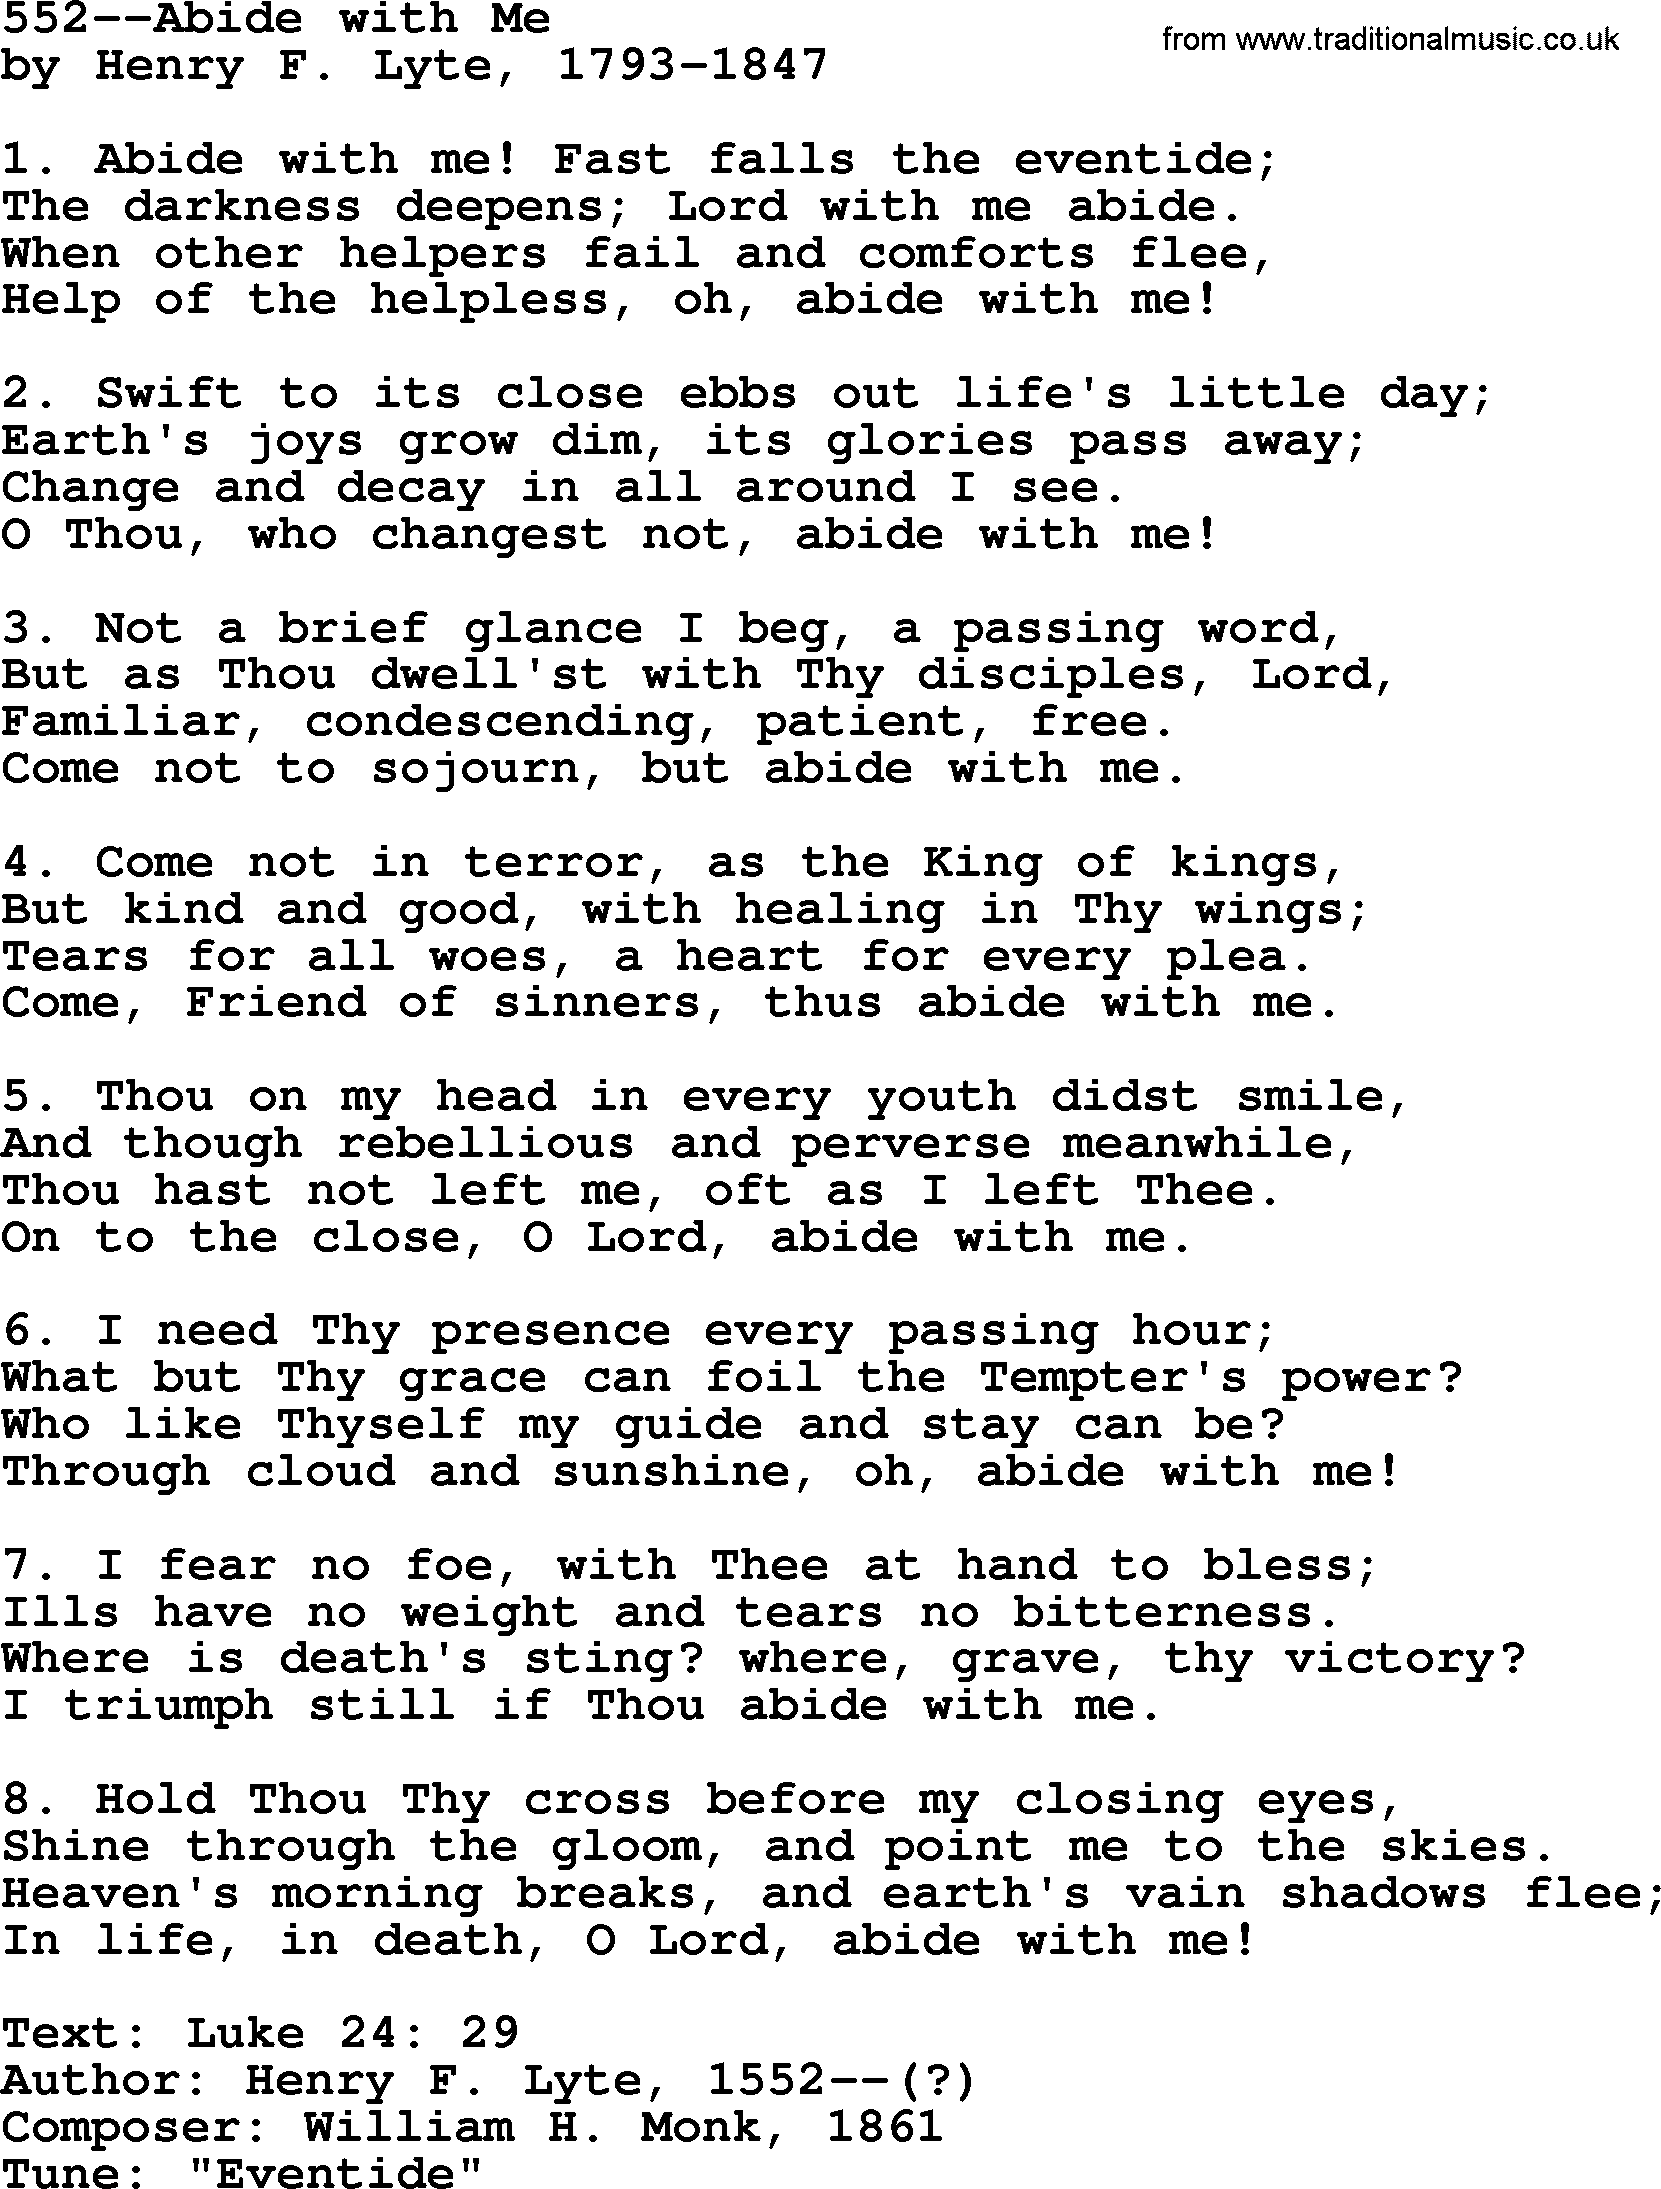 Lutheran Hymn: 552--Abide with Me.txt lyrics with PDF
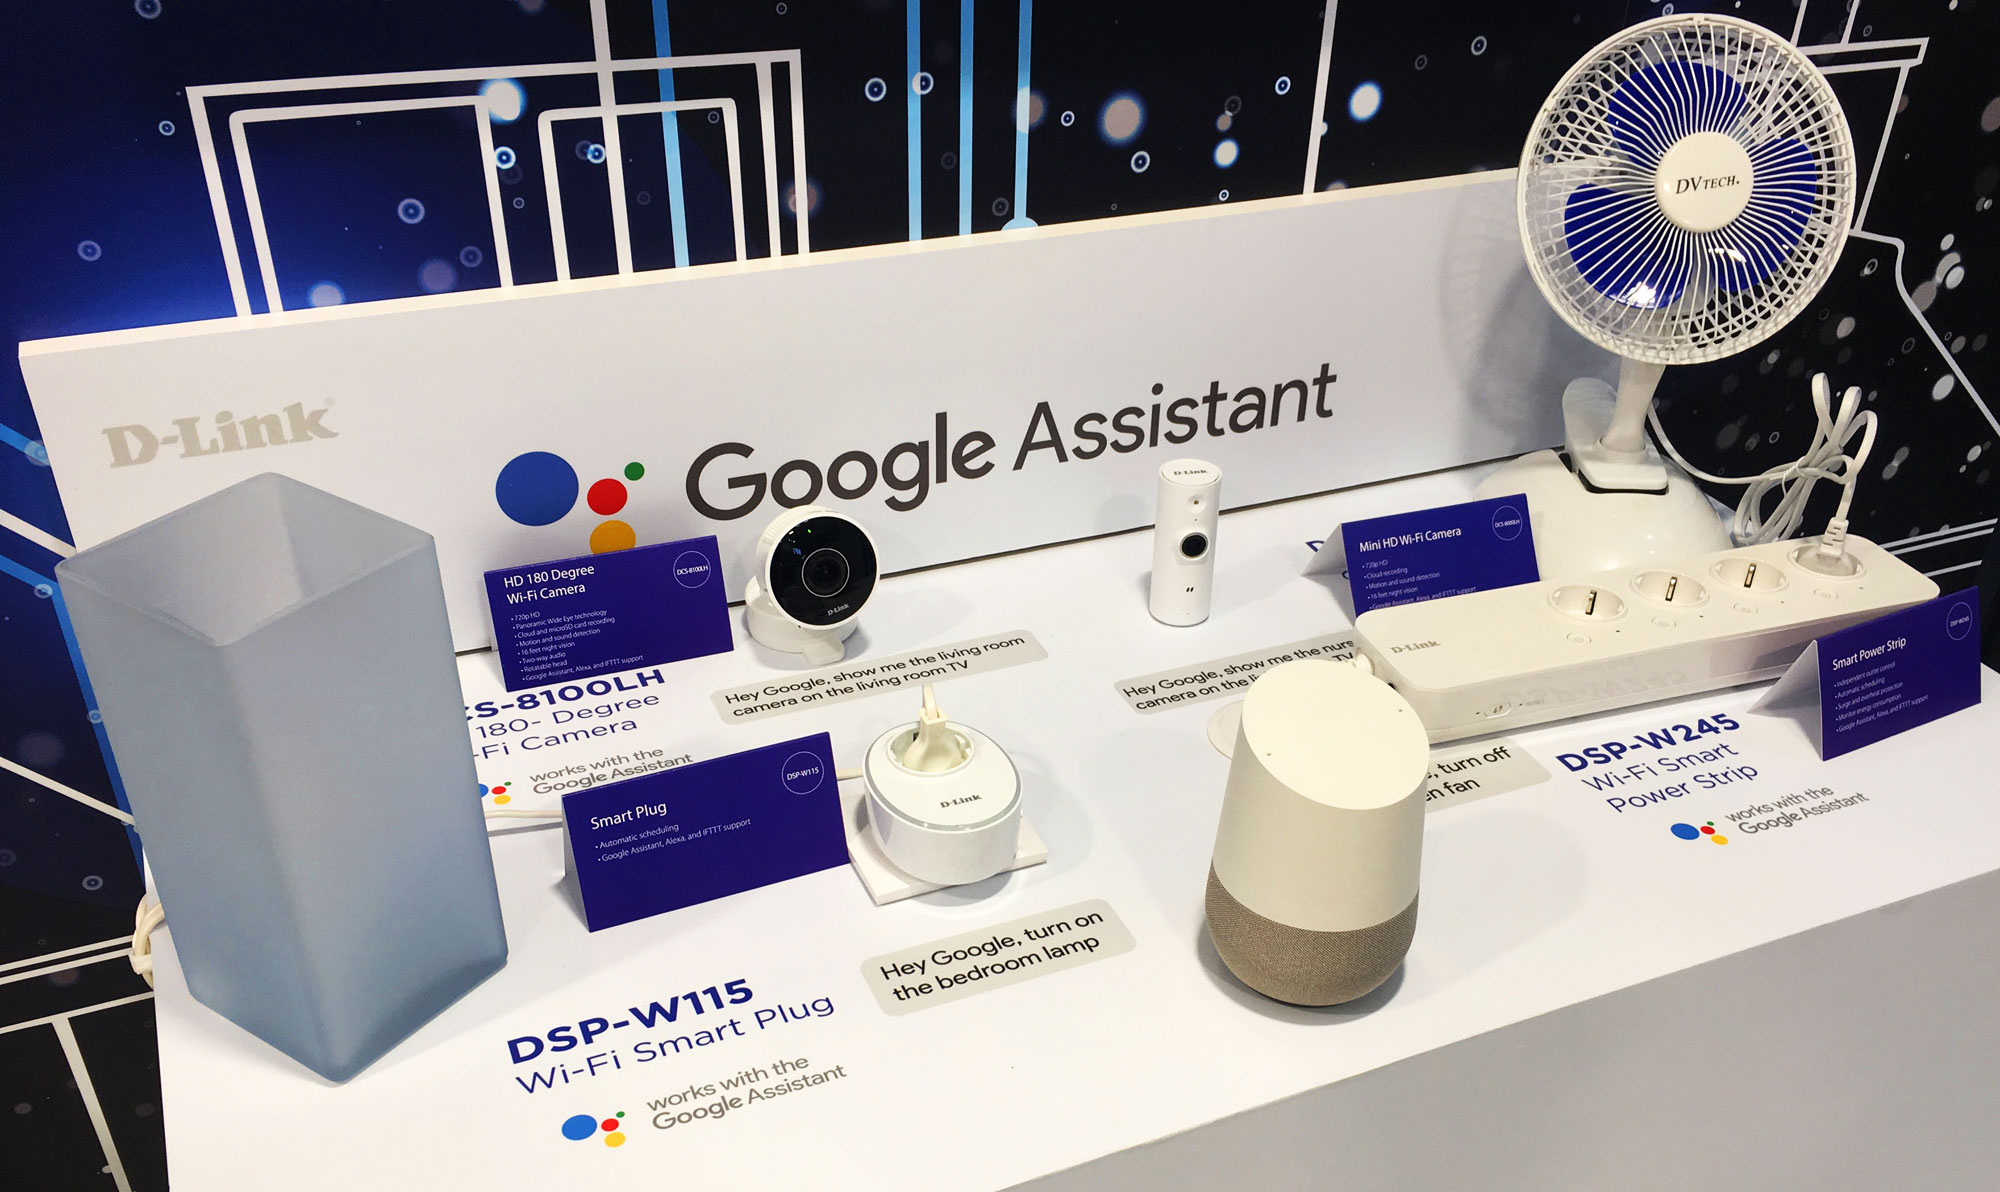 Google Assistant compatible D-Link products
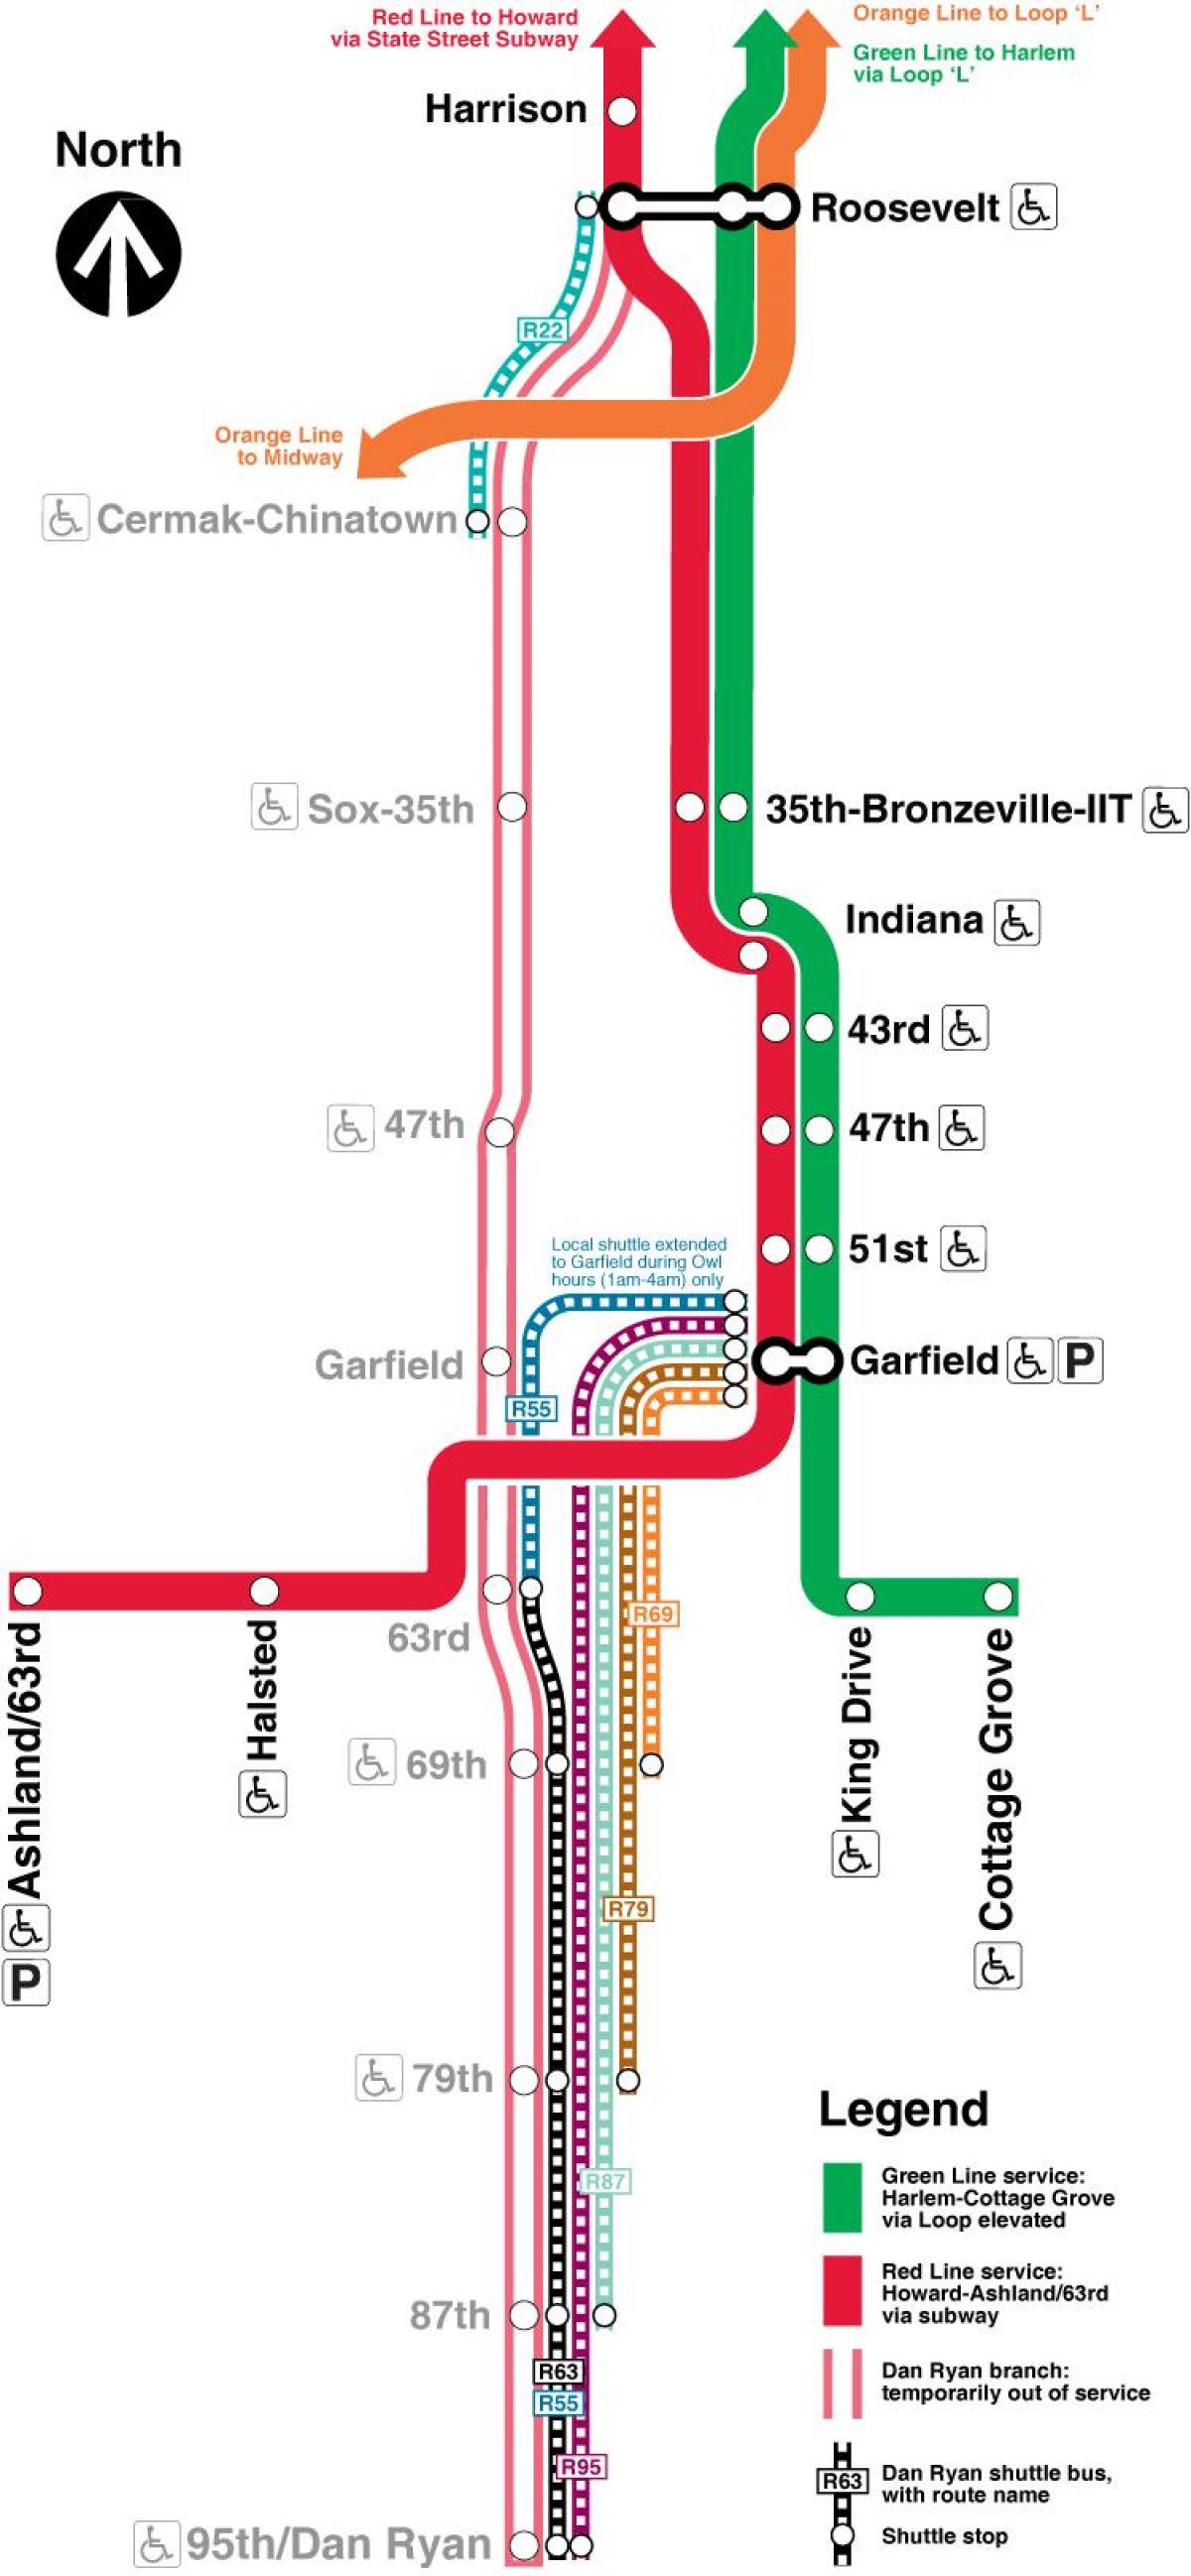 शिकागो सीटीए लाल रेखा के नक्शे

========================

- Exercise requirements
The lines from the one containing "Google Assistant compatible D-Link products" through the final line of the data are to be repeated exactly, with both ends included and all pictures left out.

- Solution to the problem
 Google Assistant compatible D-Link products
 शिकागो सीटीए लाल रेखा के नक्शे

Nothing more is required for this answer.